With all the war fever about re-invading Iraq, the press and politicians are ignoring the opinion of the veterans of our last war in the Gulf. But we veterans were there, and we have unique and critical first-hand knowledge of the course and consequences of warfare in Iraq. Our opinions should be solicited and heard before troops deploy for battle, not after they have returned wounded, ill, or in body bags.
Another invasion of Iraq in 2002 will be very different from the invasion of 1991. The war's mission has changed in the intervening years, from removing Iraq from Kuwait to removing the entire Iraqi government and military establishment from power. Because the goal of the U.S. military has changed, the Iraqi army may retreat to the cities, where they may face better odds than in the desert.
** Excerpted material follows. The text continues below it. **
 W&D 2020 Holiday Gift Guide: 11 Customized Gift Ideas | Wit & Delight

During the open desert tank battles of '91, U.S. tanks out-classed and out-fought obsolete Iraqi tanks, and U.S. infantry captured tens of thousands of poorly supplied Iraqi soldiers operating without command and control from Baghdad. But in the urban warfare scenario of 2002, pitched infantry skirmishes and ambushes in cities may present a more level battlefield for Iraqi troops fighting in their hometowns. The Iraqi military can be expected to fight for each block within each city with the most ruthless means available. When faced with the impending overrun of their nation, the Iraqi military didn't hesitate to use chemical weapons against Iran.
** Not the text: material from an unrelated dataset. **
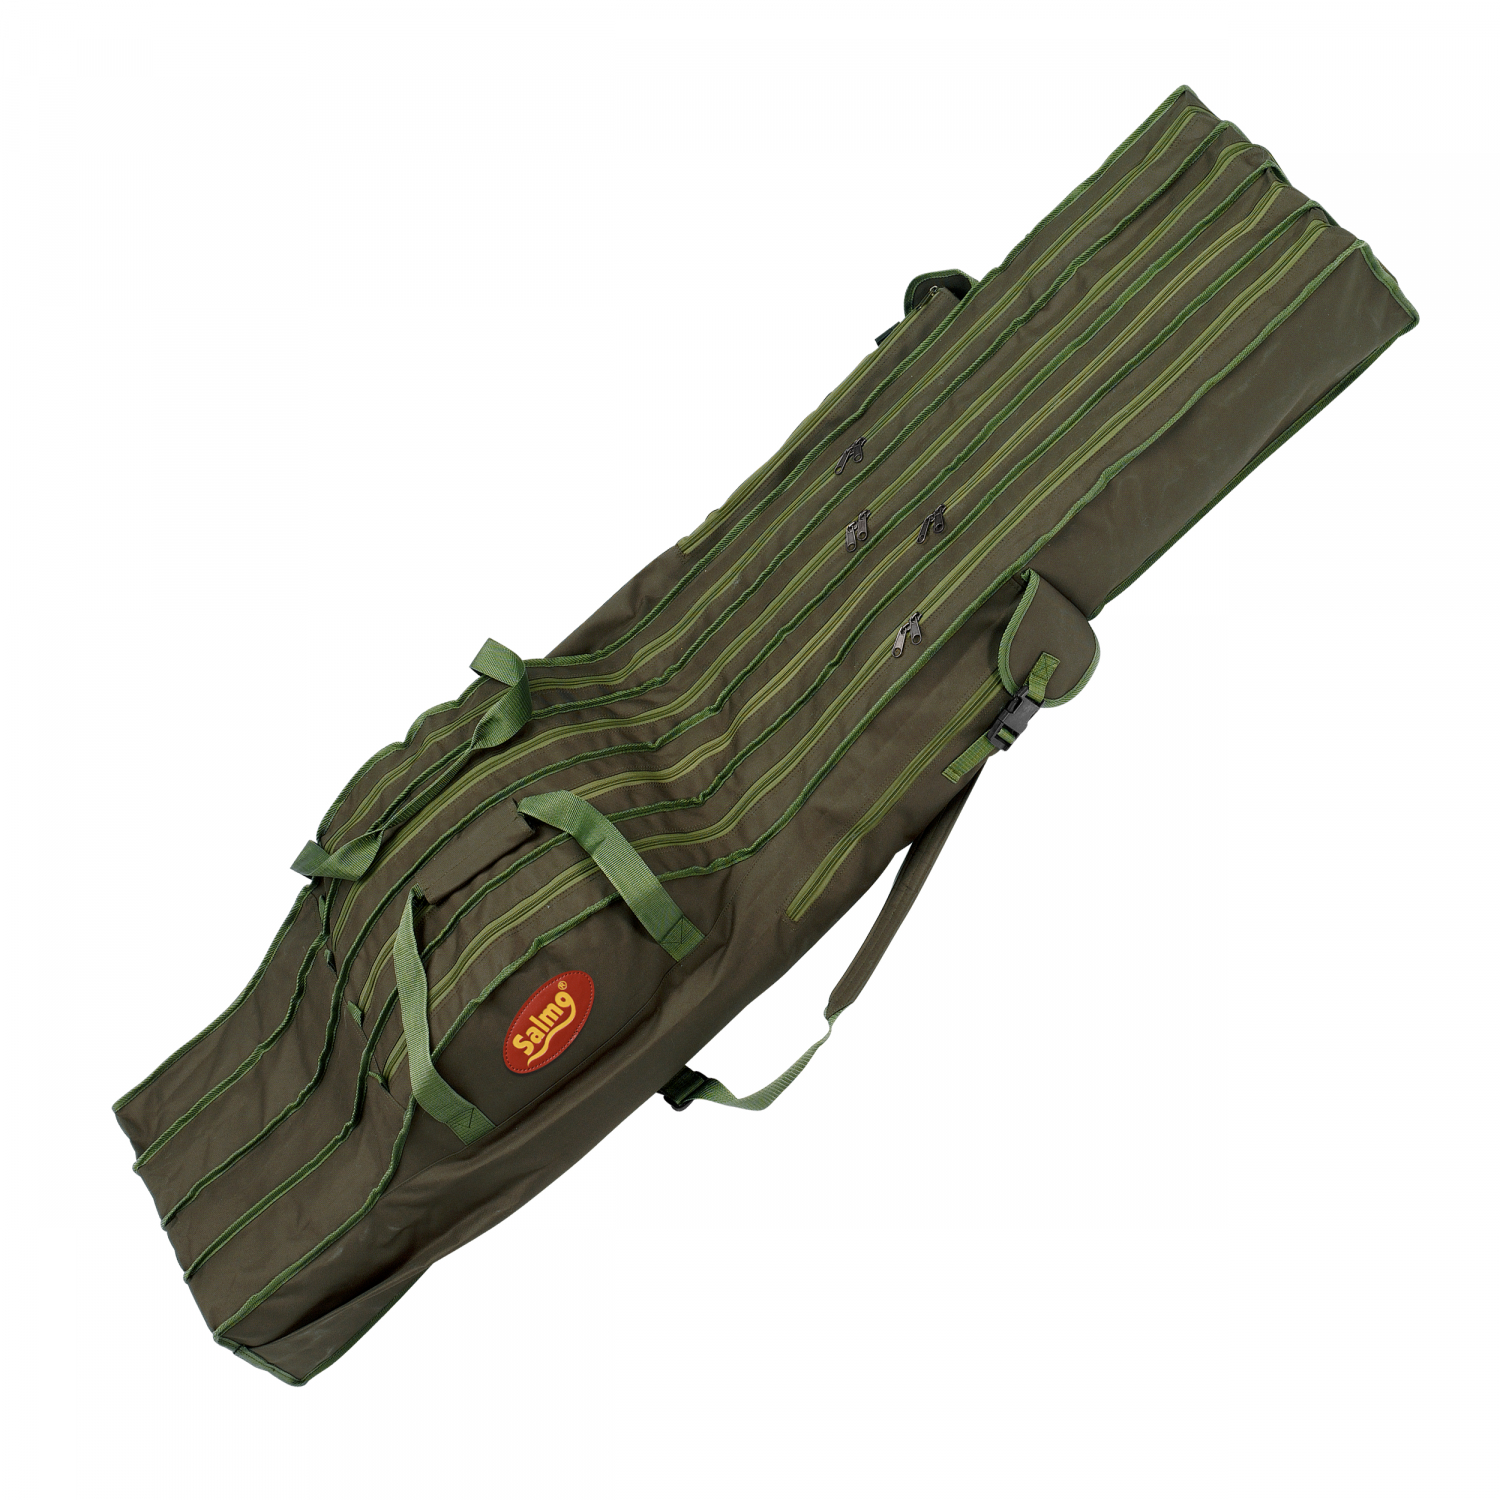 Salmo Rod Bag (XL case) at low prices

Because of these significant differences, here are 10 reasons why, as a Gulf War combat veteran, I oppose a second Gulf War as a costly and preventable mistake.
1. U.S. troops are vulnerable to Iraqi chemical and biological warfare agents -- if Iraq is capable of using them. The gas masks, detection alarms, and protection suits don't work, according to internal Department of Defense documents uncovered during investigations by the U.S. General Accounting Office. This leaves U.S. troops highly vulnerable to chemical and biological attack. U.S. chemical and biological warfare agent casualties in 2002 could be significantly higher than in 1991. Only a few months ago, the Pentagon sent out a press release stating 140,000 U.S. soldiers were exposed to low-levels chemical agents near Khamisiyah, Iraq during the Gulf War. While these soldiers appeared to return home healthy, many tens of thousands face long-term disabling medical problems that are difficult to treat.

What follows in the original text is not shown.